Addressing these deficiencies through targeted supplementation and/or dietary changes may support the body’s healing processes and improve your outcomes.
Innate immune system
Finally, it is important to address your innate immune response strength. COVID infections are in part a race to adaptive acquired immune response.
The first line of defence is the innate immune response, but COVID inhibits macrophages, among other mechanisms, to protect itself from the immune system.
If COVID exceeds the innate system before the acquired system kicks in, then illness and cellular damage occur.
It is a large component of the risk factors observed: nutritional deficiencies, diabetes, hypertension and advanced age are all areas where we commonly see reductions in innate immune system.
Supporting your known nutritional deficiencies, as well as lifestyle interventions that support healthy stress management, good sleep and optimal gut health may bolster the innate immune response.
Conclusion
LC presents a complex challenge characterised by its 200+ varied symptoms. The significant impact on peoples quality of life and the pending burden on the healthcare system necessitates us finding solutions as quickly as feasible.

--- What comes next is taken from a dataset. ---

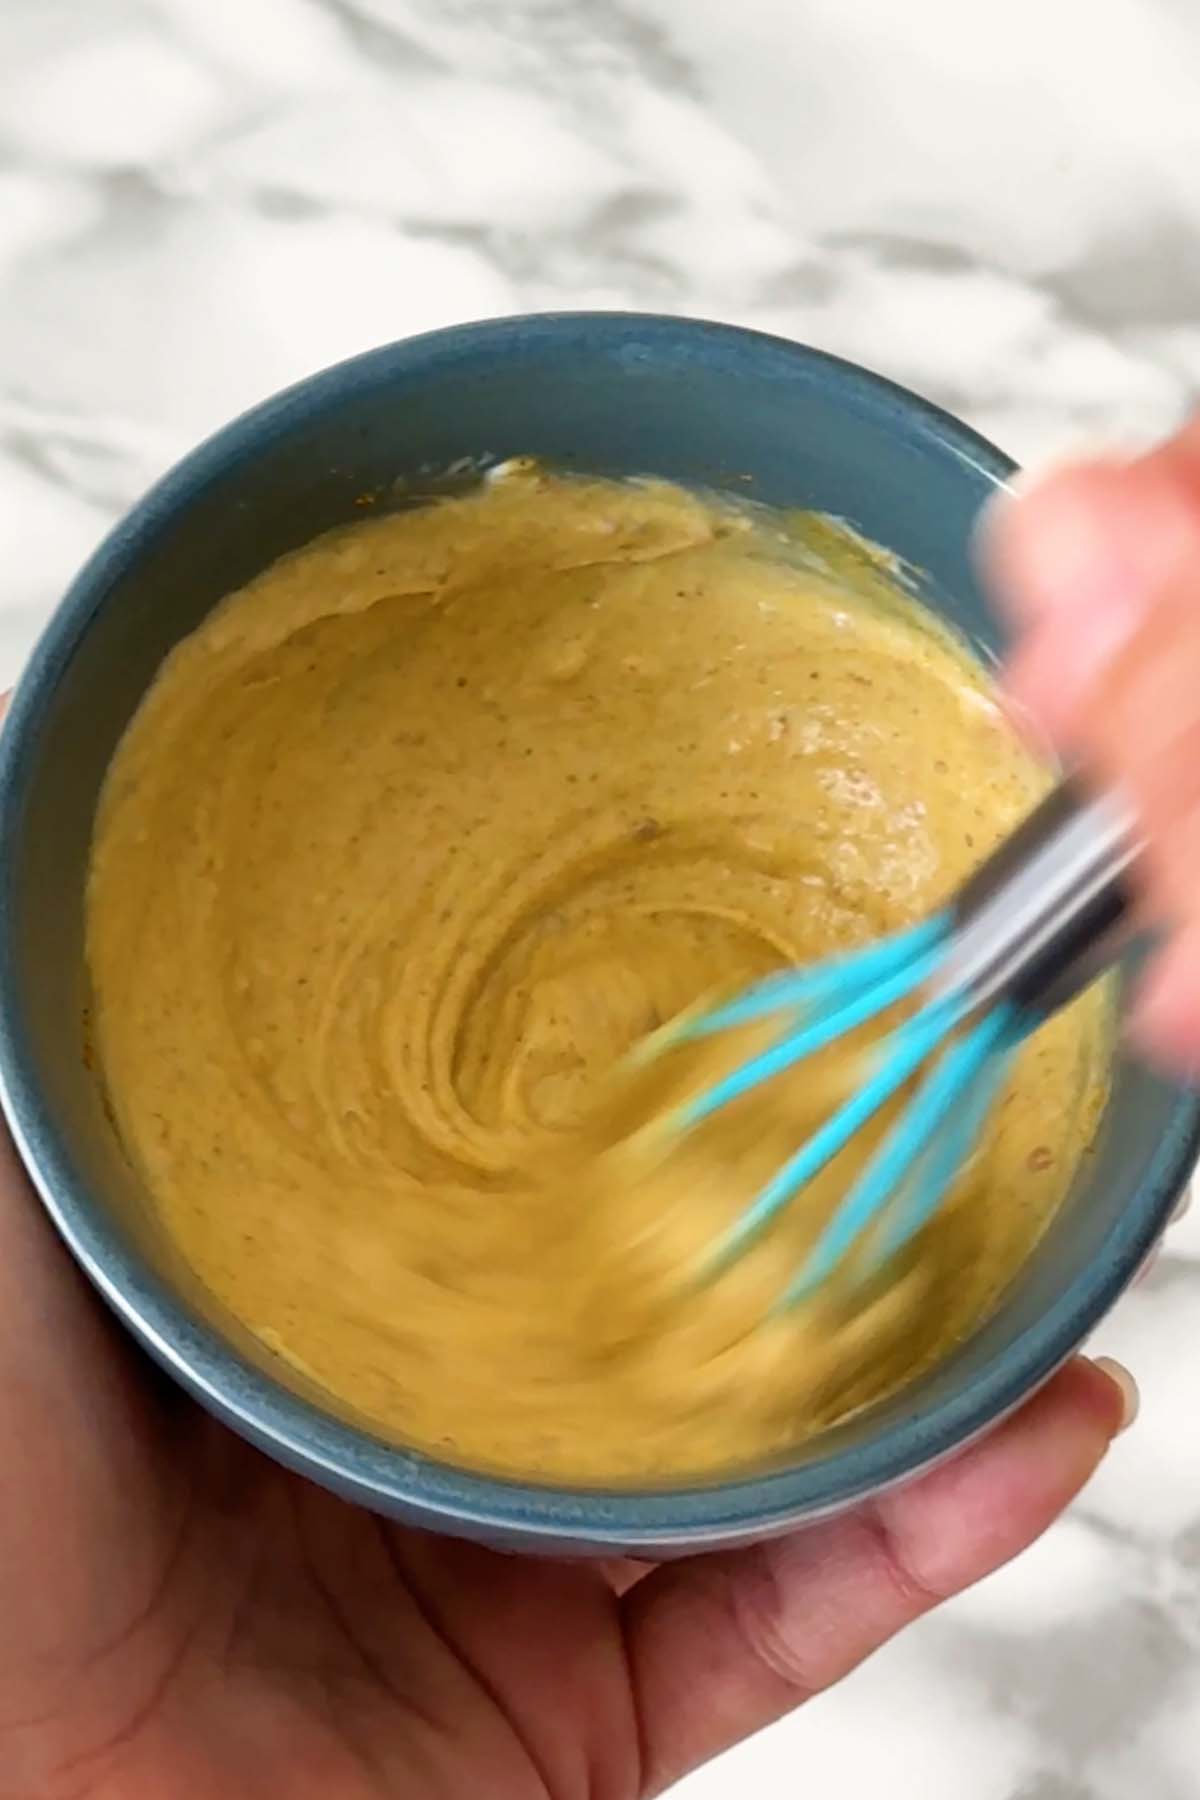 Yellow sauce is whisked in a blue bowl.

Initial protocols stemmed from known treatments for the underlying pathologies such as endothelial damage, oxidative stress, inflammation, nutritional deficiencies and general immune support.
Current research and clinical practice are paving the way for more targeted interventions, with promising results from treatments like proteolytic enzymes, targeted antioxidants and lifestyle interventions.